Work to complete => From the line below that contains "32c1c57f4 Ivy Dress" to the line that contains "Money Dey Come", repeat every line exactly, both ends included, and nothing else.

Dataset excerpts =>

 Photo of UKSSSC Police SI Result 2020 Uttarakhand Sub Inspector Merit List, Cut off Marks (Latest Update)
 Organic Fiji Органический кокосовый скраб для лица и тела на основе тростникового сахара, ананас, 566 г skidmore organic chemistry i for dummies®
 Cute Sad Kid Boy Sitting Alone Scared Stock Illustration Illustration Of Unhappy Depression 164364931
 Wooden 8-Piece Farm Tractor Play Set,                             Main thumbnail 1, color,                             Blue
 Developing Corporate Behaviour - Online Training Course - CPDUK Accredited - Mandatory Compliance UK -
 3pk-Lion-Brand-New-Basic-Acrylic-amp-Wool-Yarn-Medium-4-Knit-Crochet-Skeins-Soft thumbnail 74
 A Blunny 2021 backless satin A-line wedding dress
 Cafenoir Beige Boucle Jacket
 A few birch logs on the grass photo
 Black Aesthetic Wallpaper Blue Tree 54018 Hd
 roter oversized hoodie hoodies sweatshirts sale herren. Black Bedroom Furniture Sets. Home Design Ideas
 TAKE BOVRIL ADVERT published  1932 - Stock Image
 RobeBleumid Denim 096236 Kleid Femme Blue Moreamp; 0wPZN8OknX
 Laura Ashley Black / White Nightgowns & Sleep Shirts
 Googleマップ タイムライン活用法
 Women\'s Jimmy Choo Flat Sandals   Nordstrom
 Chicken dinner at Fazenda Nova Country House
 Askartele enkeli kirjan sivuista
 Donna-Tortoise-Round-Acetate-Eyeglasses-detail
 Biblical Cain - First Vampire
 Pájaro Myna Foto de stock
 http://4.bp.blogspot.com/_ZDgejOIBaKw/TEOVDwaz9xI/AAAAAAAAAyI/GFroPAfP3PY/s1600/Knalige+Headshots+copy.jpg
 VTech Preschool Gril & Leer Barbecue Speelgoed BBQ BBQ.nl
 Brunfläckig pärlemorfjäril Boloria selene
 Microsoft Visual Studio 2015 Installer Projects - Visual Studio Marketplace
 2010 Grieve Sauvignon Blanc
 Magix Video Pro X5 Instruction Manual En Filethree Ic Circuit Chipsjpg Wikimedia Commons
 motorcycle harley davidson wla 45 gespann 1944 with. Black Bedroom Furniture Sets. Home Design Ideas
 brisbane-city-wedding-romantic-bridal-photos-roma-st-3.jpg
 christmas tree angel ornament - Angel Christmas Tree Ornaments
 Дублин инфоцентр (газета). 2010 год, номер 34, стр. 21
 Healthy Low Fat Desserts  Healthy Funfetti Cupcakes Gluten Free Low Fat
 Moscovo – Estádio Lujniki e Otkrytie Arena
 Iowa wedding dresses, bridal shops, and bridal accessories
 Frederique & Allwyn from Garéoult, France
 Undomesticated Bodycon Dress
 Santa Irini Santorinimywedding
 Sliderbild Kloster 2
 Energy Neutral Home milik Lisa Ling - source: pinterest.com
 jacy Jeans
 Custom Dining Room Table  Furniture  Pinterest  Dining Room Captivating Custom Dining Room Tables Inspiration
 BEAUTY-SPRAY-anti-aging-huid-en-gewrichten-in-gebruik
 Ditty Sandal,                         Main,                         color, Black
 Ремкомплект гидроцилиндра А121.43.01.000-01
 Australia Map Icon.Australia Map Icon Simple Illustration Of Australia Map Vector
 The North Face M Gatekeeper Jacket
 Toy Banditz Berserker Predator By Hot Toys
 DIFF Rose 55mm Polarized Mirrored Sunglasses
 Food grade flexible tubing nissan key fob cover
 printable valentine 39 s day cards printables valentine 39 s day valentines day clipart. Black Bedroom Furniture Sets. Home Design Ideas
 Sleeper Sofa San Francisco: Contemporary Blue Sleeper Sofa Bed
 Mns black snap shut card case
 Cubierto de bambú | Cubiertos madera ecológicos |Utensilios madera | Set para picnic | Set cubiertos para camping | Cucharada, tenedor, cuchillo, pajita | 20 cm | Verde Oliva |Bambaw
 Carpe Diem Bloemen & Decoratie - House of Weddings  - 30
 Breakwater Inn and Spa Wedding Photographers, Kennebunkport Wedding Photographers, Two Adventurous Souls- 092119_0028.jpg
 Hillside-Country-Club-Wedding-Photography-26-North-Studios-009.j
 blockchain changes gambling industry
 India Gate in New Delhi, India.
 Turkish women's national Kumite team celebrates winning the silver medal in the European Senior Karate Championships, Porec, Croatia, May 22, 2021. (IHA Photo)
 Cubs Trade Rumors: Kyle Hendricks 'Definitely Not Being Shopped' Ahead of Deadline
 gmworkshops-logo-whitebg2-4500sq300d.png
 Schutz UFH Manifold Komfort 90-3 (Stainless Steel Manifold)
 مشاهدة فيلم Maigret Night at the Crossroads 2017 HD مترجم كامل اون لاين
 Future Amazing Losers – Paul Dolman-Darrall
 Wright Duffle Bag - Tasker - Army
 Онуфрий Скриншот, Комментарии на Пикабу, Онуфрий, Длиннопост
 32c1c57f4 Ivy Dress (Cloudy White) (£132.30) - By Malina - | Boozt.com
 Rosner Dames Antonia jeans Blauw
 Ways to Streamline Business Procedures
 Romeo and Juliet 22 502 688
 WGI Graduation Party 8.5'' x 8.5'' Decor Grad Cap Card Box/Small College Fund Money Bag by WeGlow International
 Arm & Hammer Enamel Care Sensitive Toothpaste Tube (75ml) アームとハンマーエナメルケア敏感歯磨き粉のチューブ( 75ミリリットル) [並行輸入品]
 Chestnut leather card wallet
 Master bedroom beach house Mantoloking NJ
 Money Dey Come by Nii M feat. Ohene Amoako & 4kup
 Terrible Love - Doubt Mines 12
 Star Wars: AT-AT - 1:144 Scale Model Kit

Exercise answer =>
 32c1c57f4 Ivy Dress (Cloudy White) (£132.30) - By Malina - | Boozt.com
 Rosner Dames Antonia jeans Blauw
 Ways to Streamline Business Procedures
 Romeo and Juliet 22 502 688
 WGI Graduation Party 8.5'' x 8.5'' Decor Grad Cap Card Box/Small College Fund Money Bag by WeGlow International
 Arm & Hammer Enamel Care Sensitive Toothpaste Tube (75ml) アームとハンマーエナメルケア敏感歯磨き粉のチューブ( 75ミリリットル) [並行輸入品]
 Chestnut leather card wallet
 Master bedroom beach house Mantoloking NJ
 Money Dey Come by Nii M feat. Ohene Amoako & 4kup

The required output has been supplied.